# Plane restoration 1



## fire65 (Oct 29, 2008)

I bought a box of old tools just to get the ones I wanted. This is the first one finished. I really do not use hand tools that much but sometimes they are perfect for a job. Really like seeing the old things come back to life.


----------



## mimac (Dec 13, 2009)

Nice job Clay. That restoration will give plenty of satisfaction every time you use it as well as every tine you look at it.


----------



## DesertRatTom (Jul 3, 2012)

I love working with hand planes. Something quieting about it. Surprising how even a relatively cheap plane, worked over carefully, can work so well.


----------



## Herb Stoops (Aug 28, 2012)

If only that old plane could talk ,the stories it could tell,
Herb


----------



## Stick486 (Jan 4, 2013)

that restoration is impressive..
nice...


----------



## Multiwood (Feb 24, 2013)

Great job Clay.


----------



## honesttjohn (Feb 17, 2015)

Took some patience. Good Show!


----------



## hawkeye10 (Jul 28, 2015)

Clay, you put a lot of work and time to get that plane back in working order. Now it looks great.

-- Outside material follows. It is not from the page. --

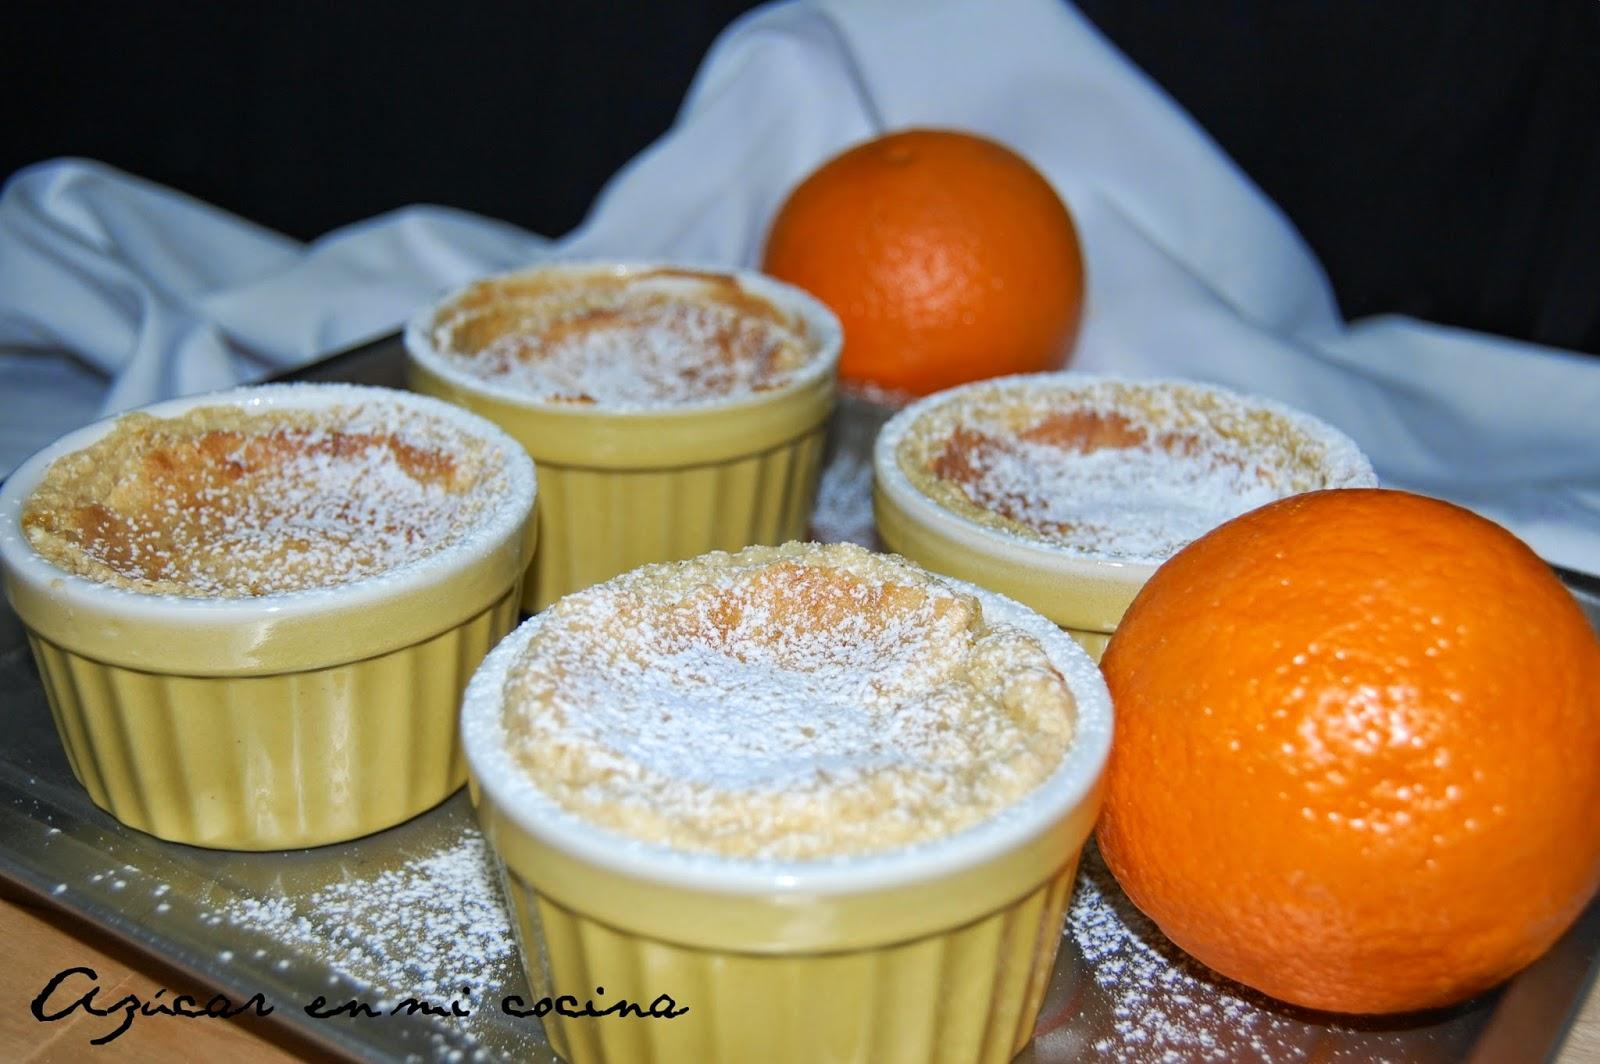 http://azucarenmicocina.blogspot.com.es/2014/06/souffle-de-zumo-y-mermelada-de-naranja.html

I bought a lot of 5 block planes on eBay and I got one back in working order. There is another I am going to fix up (soon). The others are for parts.


----------



## gmercer_48083 (Jul 18, 2012)

After careful sharpening and stropping, it will work like a dream!


----------



## Daniel80 (Jan 21, 2017)

Amazing work, just impressed how you made this looking so perfect..
Great job..

Daniel


----------



## DaninVan (Jan 1, 2012)

We've had chats here in the past about corrosion removal (especially electrolysis), just curious what system you chose(?).
Final product looks great!


----------



## fire65 (Oct 29, 2008)

DaninVan said:


> We've had chats here in the past about corrosion removal (especially electrolysis), just curious what system you chose(?).
> Final product looks great!


Vinegar soak, then most of the time I use a brush on my drill press. Thanks for looking.


----------



## whimsofchaz (Jun 6, 2013)

Fine job. Did you refurbish the plane to keep or sell?


----------



## fire65 (Oct 29, 2008)

whimsofchaz said:


> Fine job. Did you refurbish the plane to keep or sell?


Bought 5, kept 2, this one and one other metal. Sold the wooden ones.


----------